A session closes when any of these fire — never on time alone:

SignalDetection
/clearOTel event from the plugin — explicit context wipe
Topic shiftLLM call comparing consecutive user turns; closes if topic differs materially
Git commit (Phase 2)A commit lands touching session-modified files

/compact is not a boundary — it preserves the goal in summarized form. Idle and meeting gaps are not boundaries either — they create false closures.

/clear can over-fire when developers clear mid-task. A post-close merger rejoins sessions that:

  • Restart within 10 minutes of the previous close, AND
  • Touch ≥50% of the same files

The merger is the prerequisite for treating /clear as a hard boundary. Without it, /clear-spam would tank the score of diligent developers.

/clear is the strongest single boundary signal. Here is what happens when the plugin emits one:

  1. Session closes. The current session is sealed and queued for scoring. The next user prompt opens a fresh session.
  2. The closed session is graded as-is. Whatever state the work was in at the /clear moment is what the outcome judge sees. If you /clear before verifying a fix, the session may not crush — see How to crush a session explicitly.
  3. Anti-fragmentation merge runs. If the next session starts within 10 minutes and touches ≥50% of the same files, the two sessions are merged back into one. The merged session is re-scored as a single unit, so a mid-task /clear does not split one task into two failed sessions.
  4. /compact is different. It compresses the transcript but keeps the goal — so it is not a session boundary.

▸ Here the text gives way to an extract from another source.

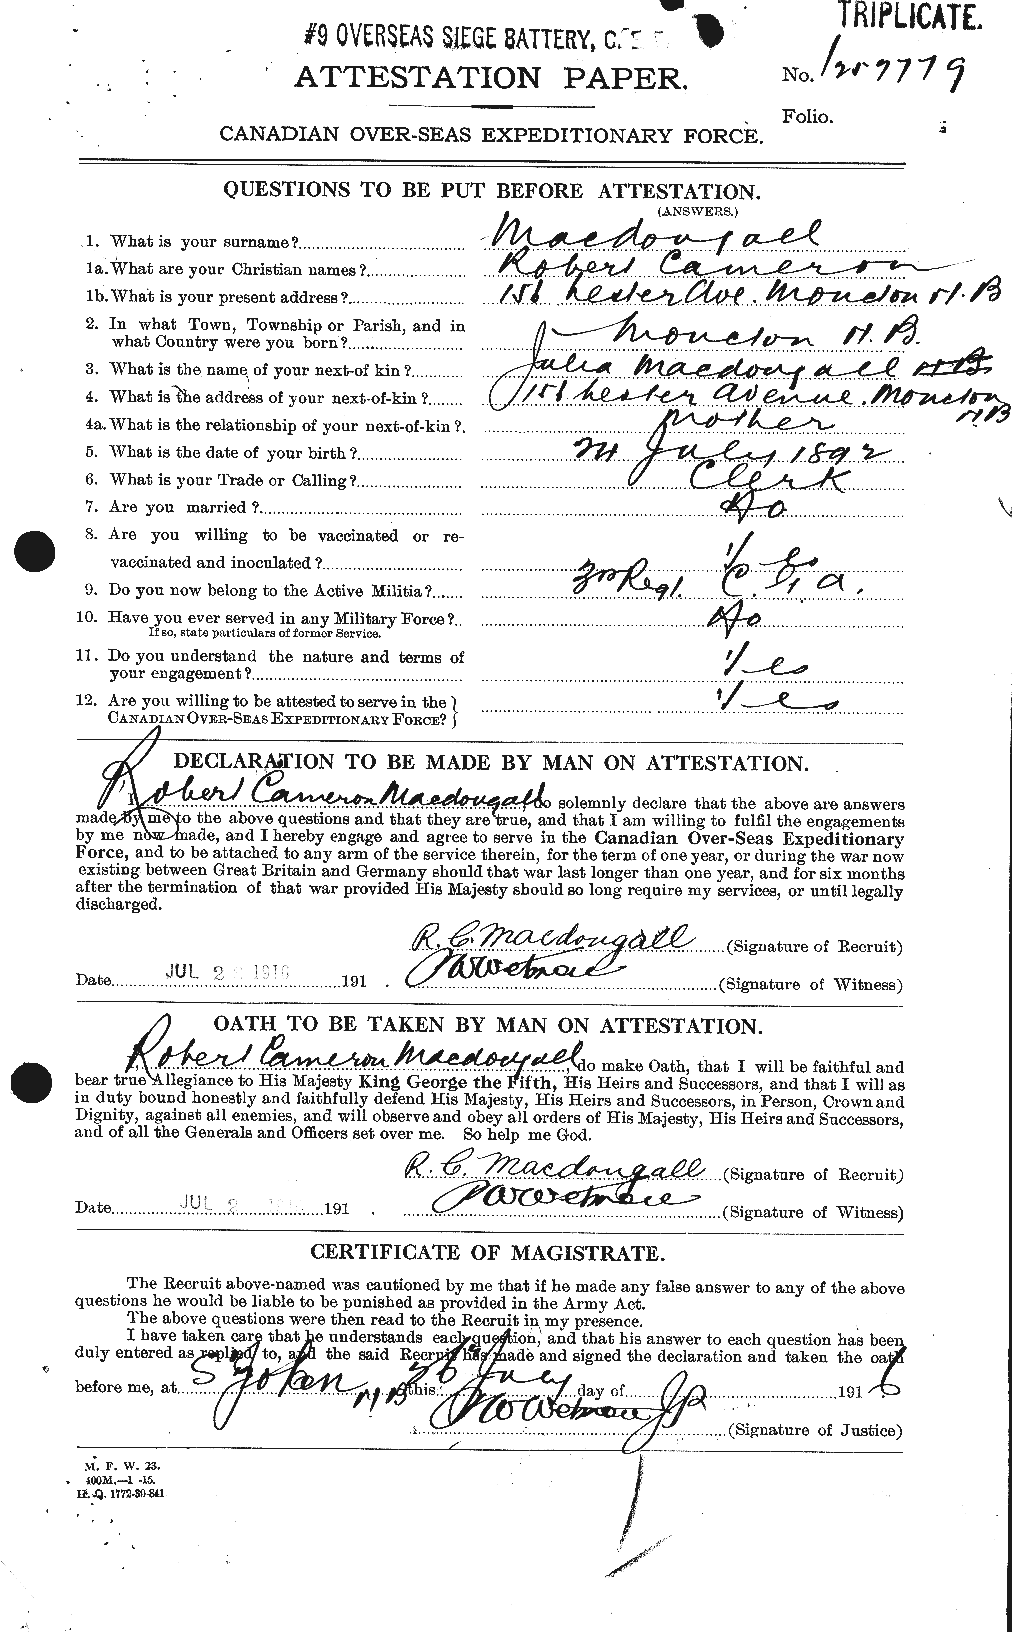 Dossiers du Personnel de la Première Guerre mondiale - CEC 518374a

Use /compact when you want to free context without ending the task; use /clear when you are actually starting something new.

The practical rule: use /clear between tasks, not inside one. If you clear mid-task and immediately keep working, the merger usually catches it, but it is safer not to rely on the merger.

Every closed session writes four facts:

FactSourceWhat it answers
Substance floorDeterministic detectorDid real work happen? (≥3 turns OR ≥10 net lines of code OR ≥1 mutating tool call)
Goal completeLLM outcome judgeDid the session land its goal under per-intent criteria?
Tokens usedOTelHow many tokens did this session burn?
ReworkDeterministic detectorDid a later session revert or rewrite this one?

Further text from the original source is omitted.